It had to do with the Kubernetes networking setup and the assumption with the HA redis setup of IPv4 networking. My cluster was configured in dual stack mode for IPv4 and IPv6. The IPv6 address range was the first in cluster specification, so it is the IP listed in places that don’t show all IPs. Effectively if a Service definition does specify the IP family, it will be single family and IPv6. This is a problem for the HA setup because it defaults to all IPv4 bind addresses in the templated configuration files. Switching them all to IPv6, e.g. bind :: for redis and bind [::]:8888, bind [::]:6379 in HAproxy resolved the issue.

I suspect also changing the ipFamily in the service definitions to IPv4 would also work.

Seems that network policies argocd-redis-ha-proxy-network-policy and argocd-redis-ha-server-network-policy has to be reviewed. After deleting both policies everything started to work.

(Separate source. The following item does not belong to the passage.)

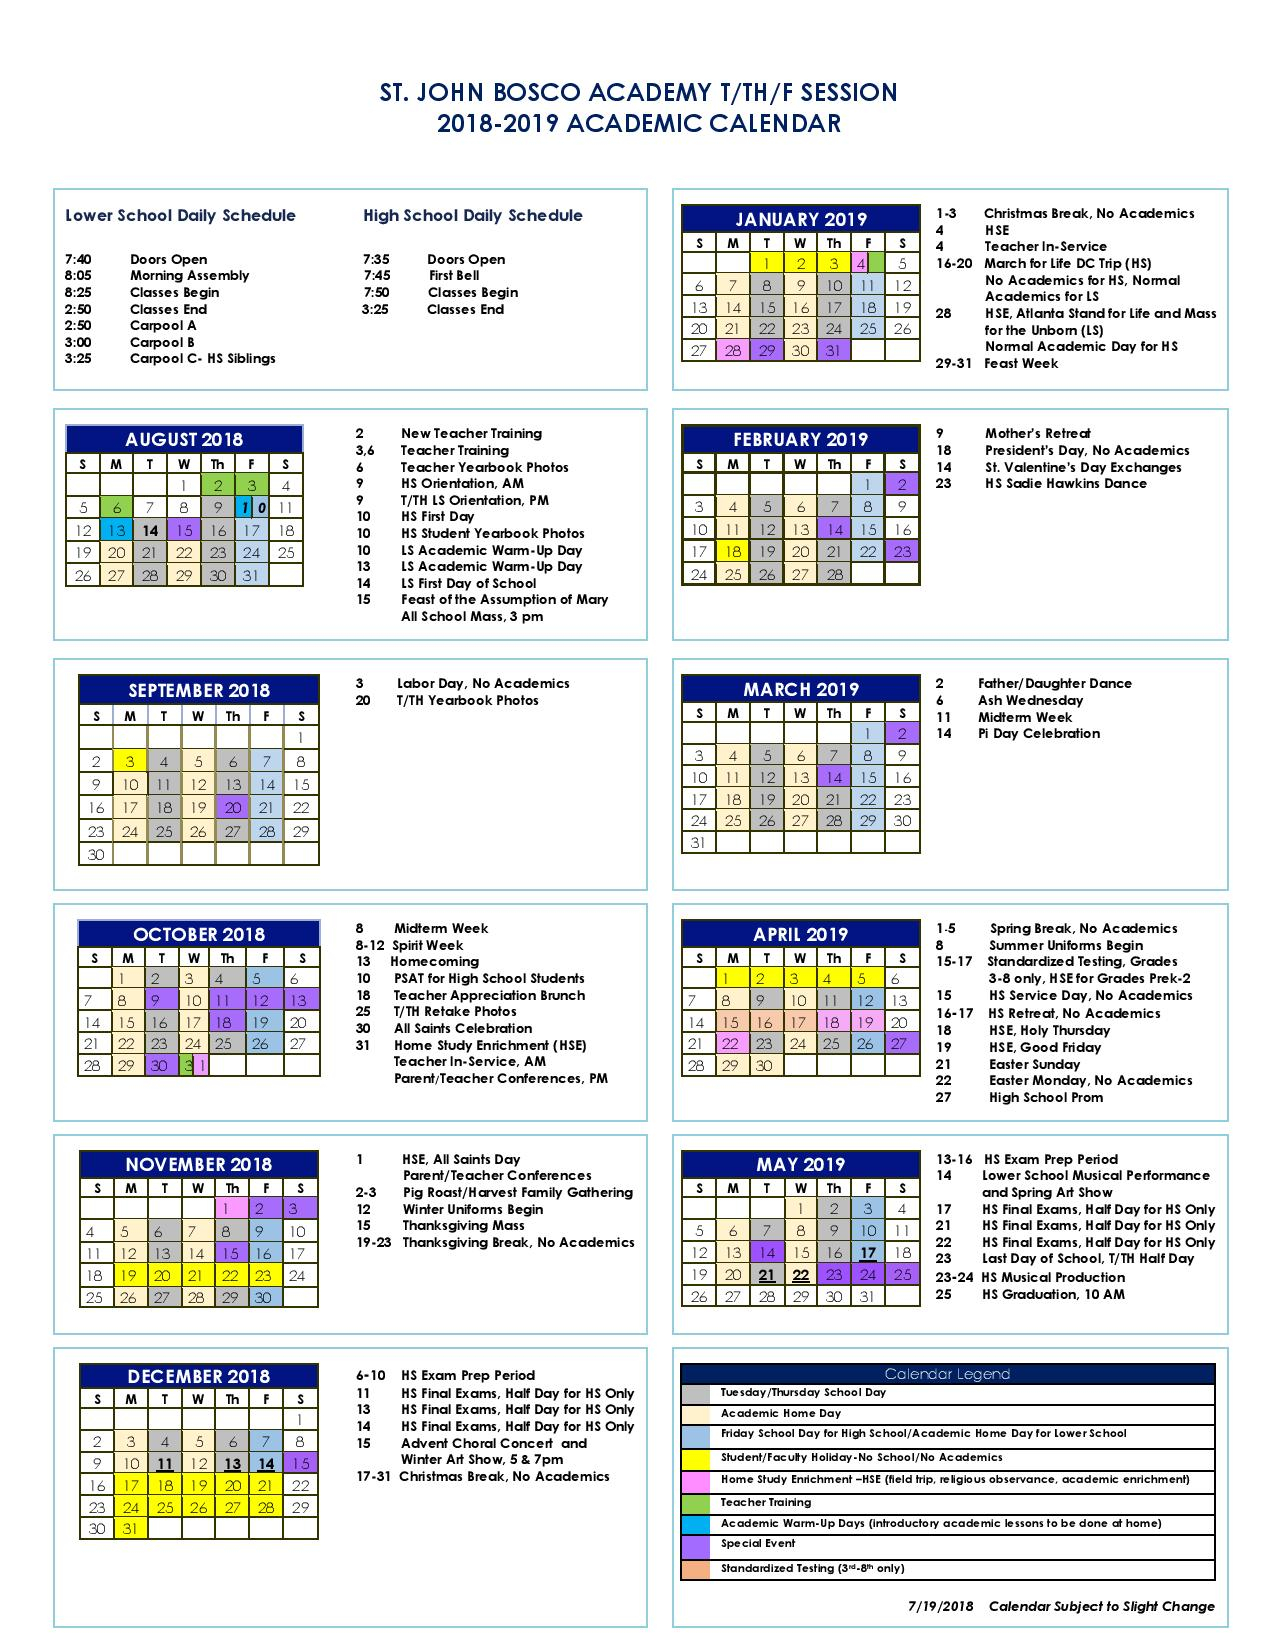 Academic Calendar St. John's University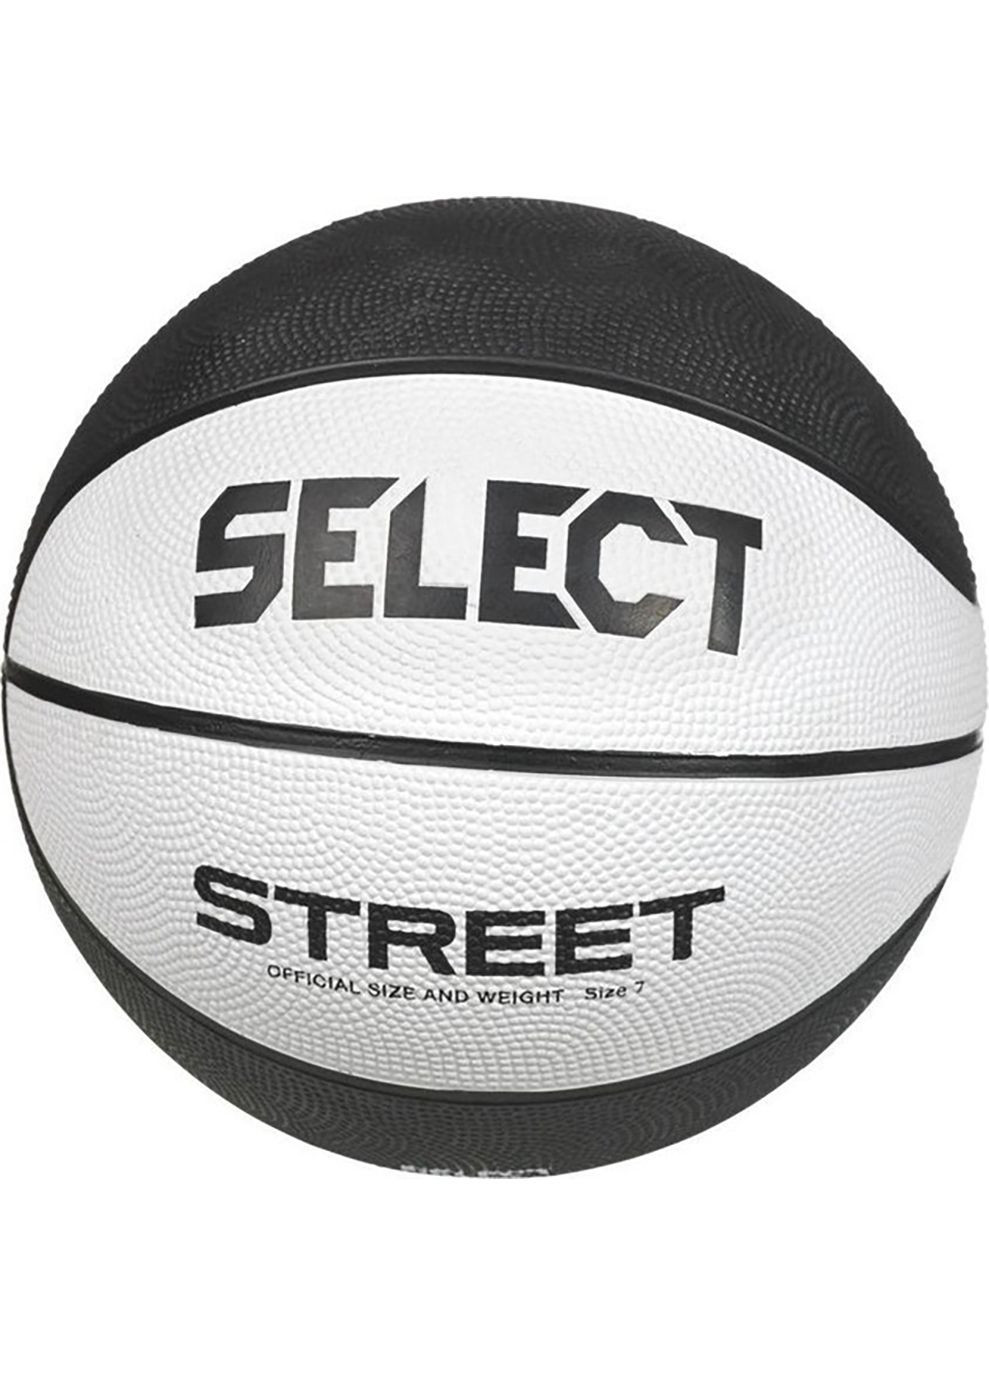 М'яч баскетбольний BASKETBALL STREET v23 біло-чорний Уні 5 Select (282616589)

I have checked no other network policy has defined ports for DNS and only the above two have port 53 defined which is incorrect (for Openshift). Changed UPD/TCP ports to 5353 and everything came back to life.

Nice find @rimasgo! I verified this works for our deployment as well via kustomize changes against v2.6.2.

- patch: |-
    - op: replace
      path: /spec/egress/1/ports/0/port
      value: 5353
    - op: replace
      path: /spec/egress/1/ports/1/port
      value: 5353
  target:
    kind: NetworkPolicy
    name: argocd-redis-ha-proxy-network-policy

- patch: |-
    - op: replace
      path: /spec/egress/1/ports/0/port
      value: 5353
    - op: replace
      path: /spec/egress/1/ports/1/port
      value: 5353
  target:
    kind: NetworkPolicy
    name: argocd-redis-ha-server-network-policy